C++ is the main language of game development. This is changing slowly as indies embrace other languages, but in the AAA space C++ is still overwhelmingly dominant. C++ is descended from – and is very similar to – the language C. First created in 1972, C is just one year younger than I am. It was devised for the world of the 1970s. It was targeted at the hardware of the 1970s, and was originally intended for writing operating systems.
This seems crazy, doesn’t it? Writing operating systems for Nixon-era mainframes is so vastly different from building AAA games in 2019 that it’s like we’re using coal-fired steam engines to go to the moon. Sure, the steam engine has been modernized a bit, but there are still conventions built into the language that don’t make a lot of sense in the world of 2019. The fact remains that somewhere underneath all those rocket engines and silver wings is a chugging steam engine.
C++ certainly has language features not available in C. C++ has classes, inheritance, operator overloading, and a bunch of other slick ways of expressing complex solutions in code. Those are nice, but none of those things uniquely address challenges faced in games programming. We could, in an alternate universe, use a different sort of language with a different set of features.

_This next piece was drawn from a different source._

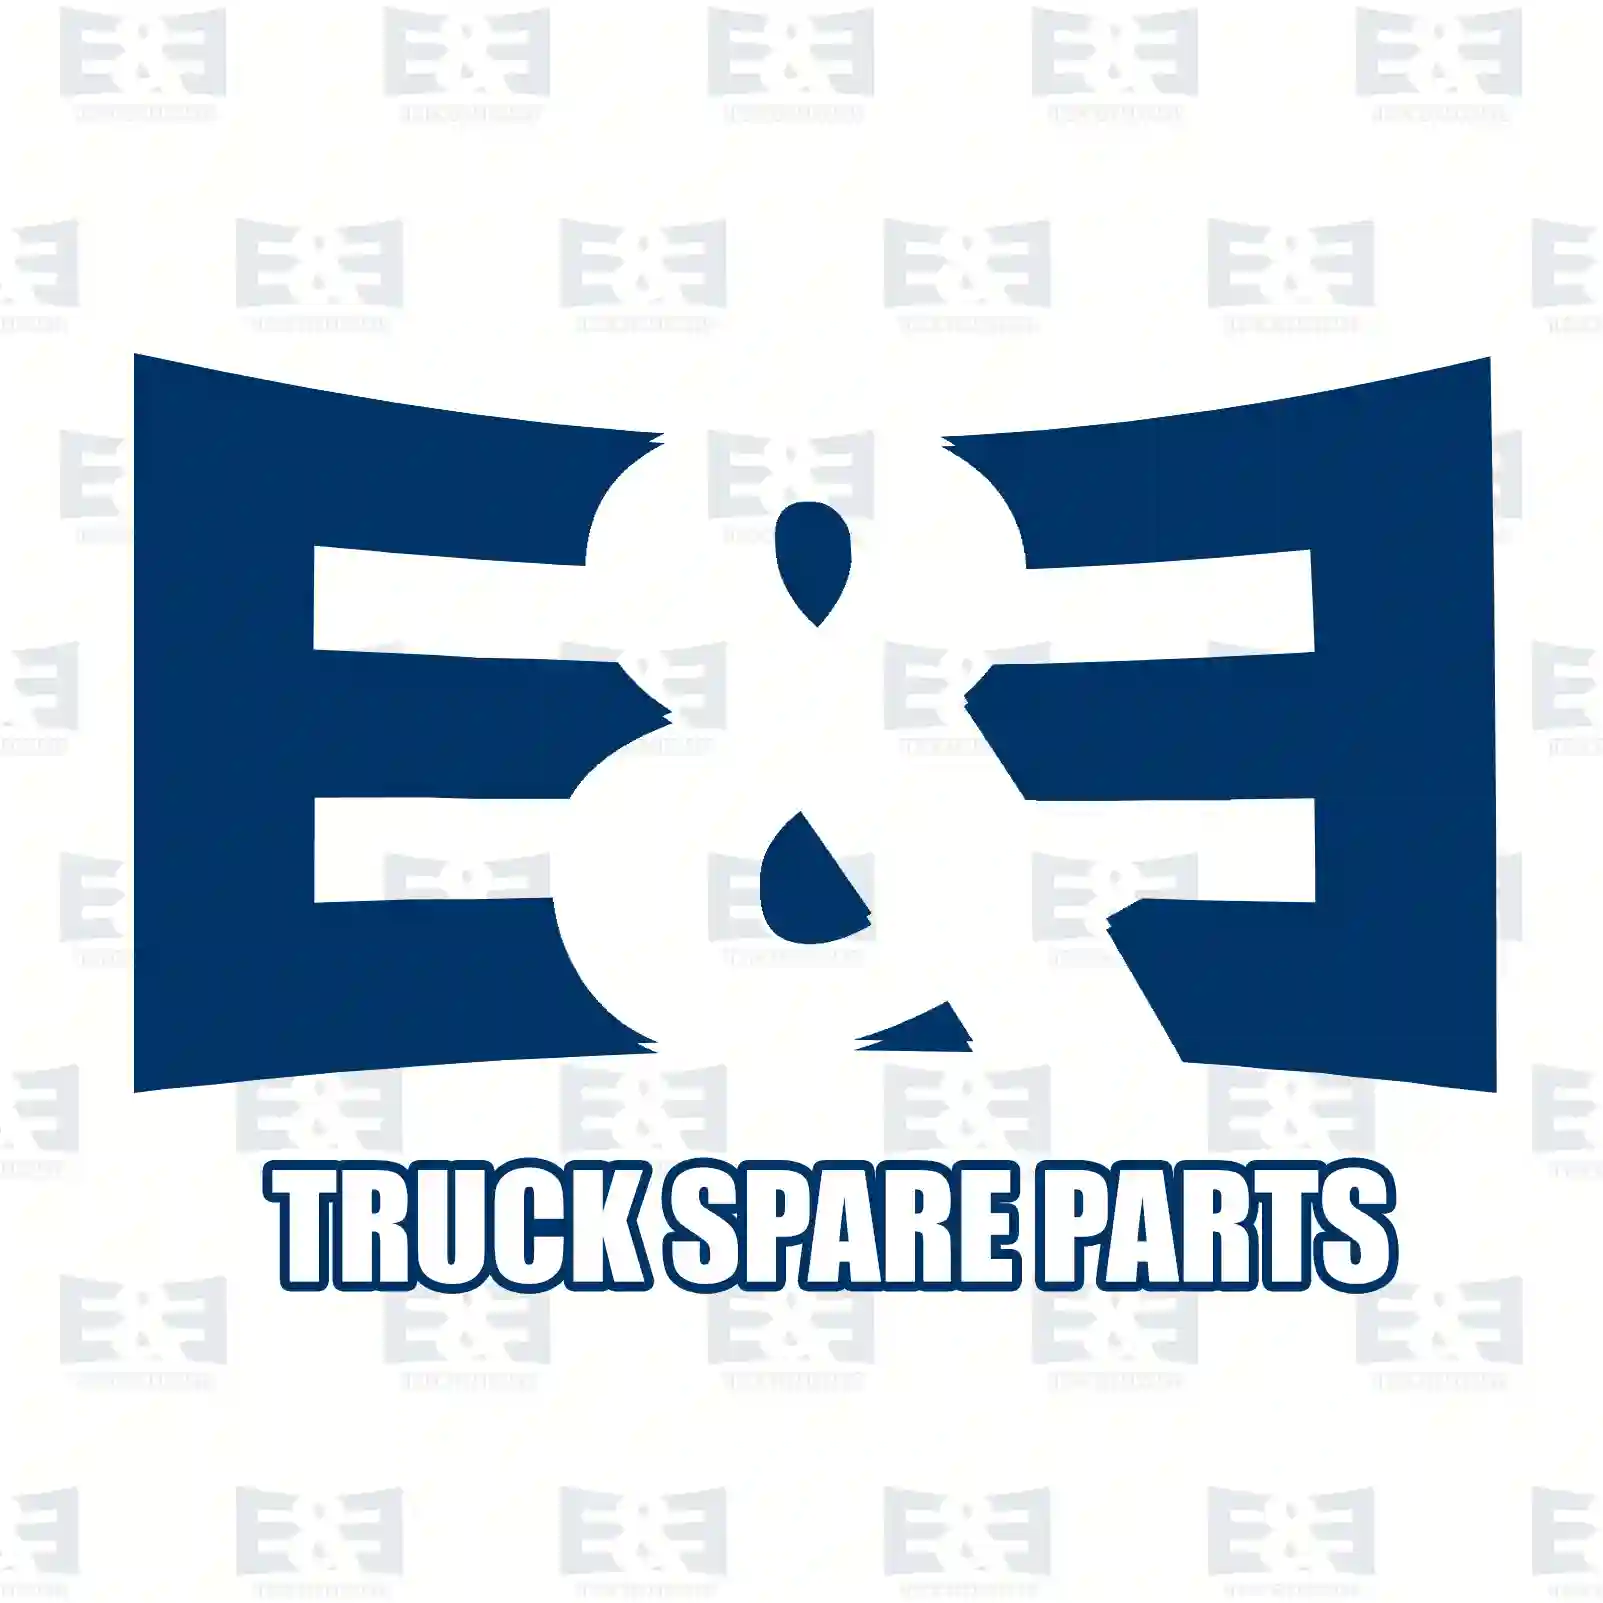 Oil seal, 2E2276095, 1357776, , ||  2E2276095 E&E Truck Spare Parts | Truck Spare Parts, Auotomotive Spare Parts Oil seal, 2E2276095, 1357776, , ||  2E2276095 E&E Truck Spare Parts | Truck Spare Parts, Auotomotive Spare Parts

It’s not like this industry is incapable of evolution! Studios have changed game engines, and game engines have changed what graphics API they favorOn the PC side, this boils down to DirectX vs. OpenGL, with third-party candidate Vulkan landing a few recent wins.. Our tools are different, the target hardware is different, the operating systems are different, and the performance challenges have changed numerous times. Rendering technology has gone through at least two major revolutions. First there was the jump from software rendering to using dedicated graphics hardware, and then another jump when we added the ability to program that graphics hardware using shaders. Over the last 30 years we’ve changed every single thing about game development except the language!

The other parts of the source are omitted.